By Aaron Gershon
University of Kentucky School of Journalism and Media
The restaurants are getting far more than retail stores. The
report shows that The Brown Barrel ($4,180), Goose and Gander ($2,910) Don
Jockey ($2,410) were the only three businesses to get more than $1,000 in "Midway Bucks."
University of Kentucky School of Journalism and Media
Mayor Grayson Vandegrift said Tuesday that he is setting up
an ad hoc City Council committee to design a grant program for small businesses, using covid-19 relief funds, in place of a third round of vouchers that citizens
can redeem at the businesses.
The committee will be Council Members Stacy Thurman and John
Holloway and City Clerk-Treasurer Cindy Foster.
The move comes after Midway merchants expressed displeasure
with last week’s 3-2 council vote to send residents two more rounds of $50
vouchers, at $40,000 per round, rather than making direct grants of up to $2,000 to businesses, as
Vandegrift first suggested.
The mayor said restaurants, not retailers, were the main
beneficiaries of the vouchers, and Tuesday he cited reports from local
businesses of their redemptions to prove his point.
The Brown Barrel and Blind Harry's got the most vouchers. (Google photo) |
Eleven retail stores redeemed a total of $2,300, an average
of $209; the highest was $430.
After the council voted for two more rounds of voucher instead of grants, 19 business people signed a letter warning that
"without significant assistance or the lifting of pandemic restrictions .
. . by the end of 2020, there will be more closed stores in downtown Midway
than would be open."
In response, Vandegrift said he would ask the council to
appropriate $40,000 for the grant program. Tuesday, he said the ad hoc
committee would work on the exact details. "The committee will propose the
details and the parameters as well as the potential paying scale of
grants" hopefully for the council’s consideration July 6, he wrote.

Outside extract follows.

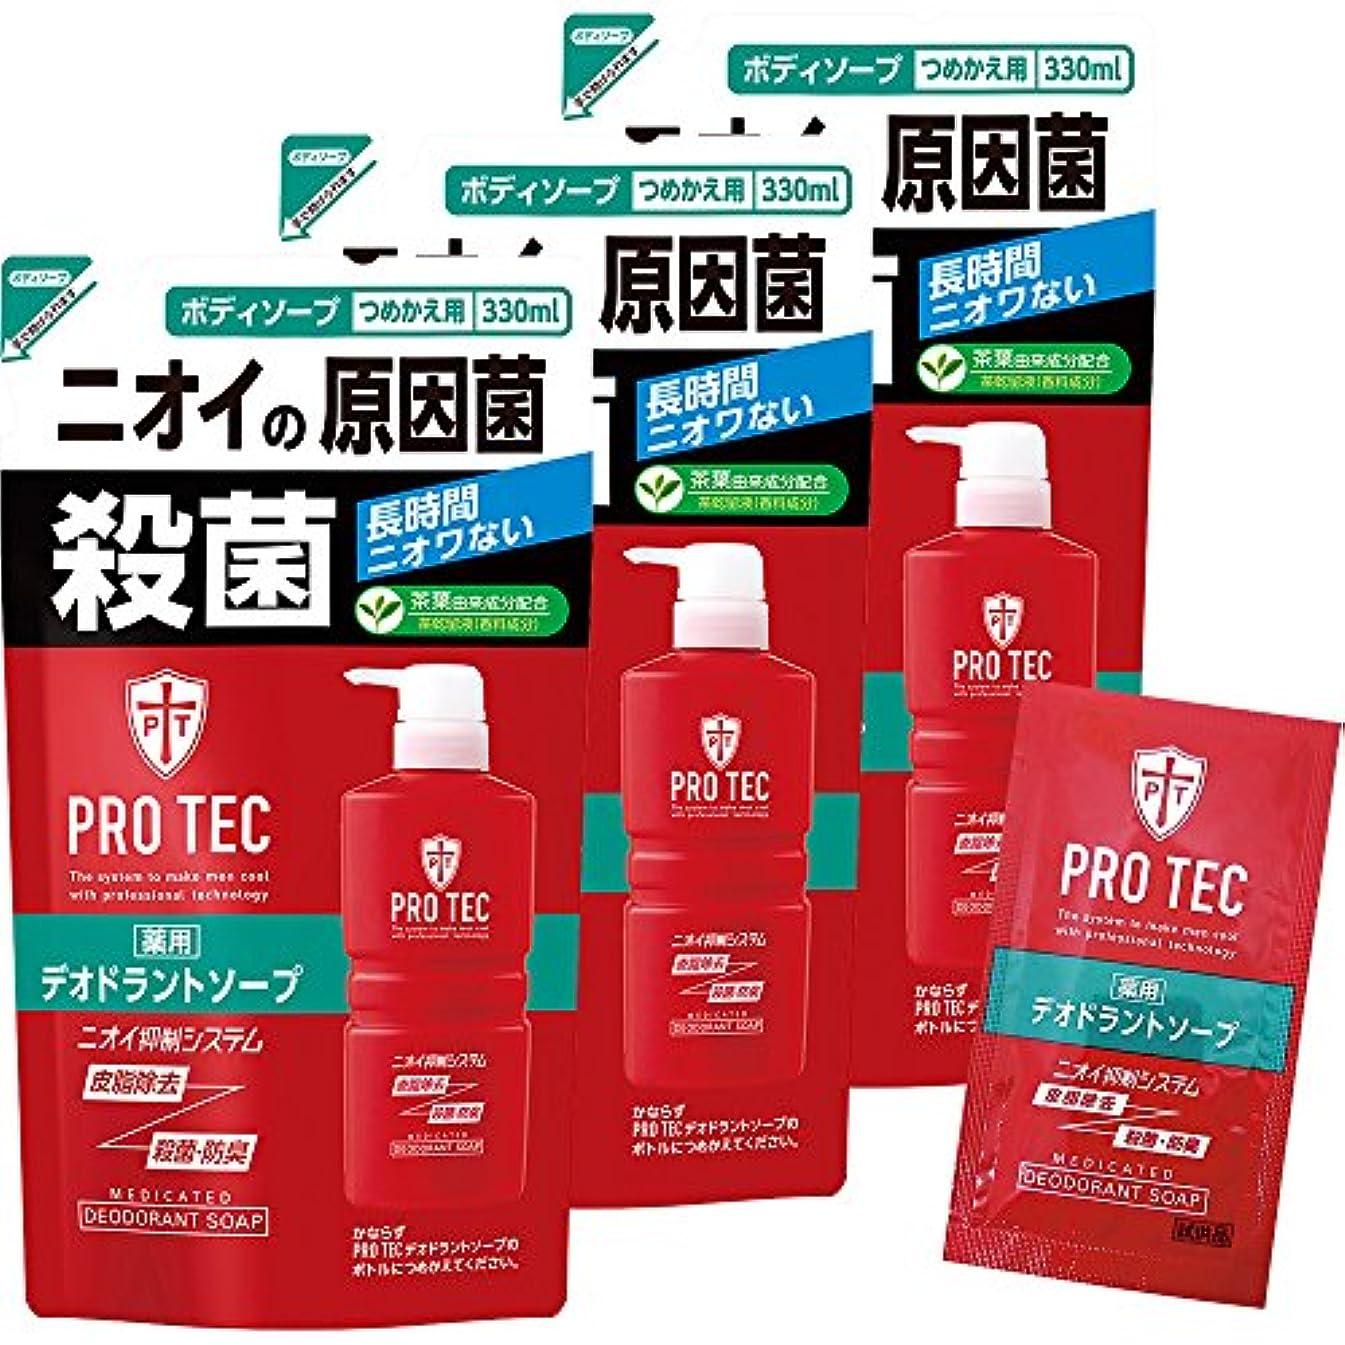 起きているマングルばか【Amazon.co.jp限定】PRO TEC(プロテク) デオドラントソープ 詰め替え330ml×3個パック+デオドラントソープ1回分付(医薬部外品)

"We've all agreed that time is of the essence for these
businesses," he said. "We need to move as quickly as we can for
them, regardless of what is decided."
The letter from the merchants noted
that a grant program was clearly authorized by the relief bill but the voucher
program was not. Vandegrift has said he thinks it will be approved.
In his latest statement, he said he is talking with the state Department for Local Government and the office of Senate
Majority Leader Mitch McConnell, who sponsored the bill, “to get as much
guidance as possible” and would report to the council on at the July 6 meeting.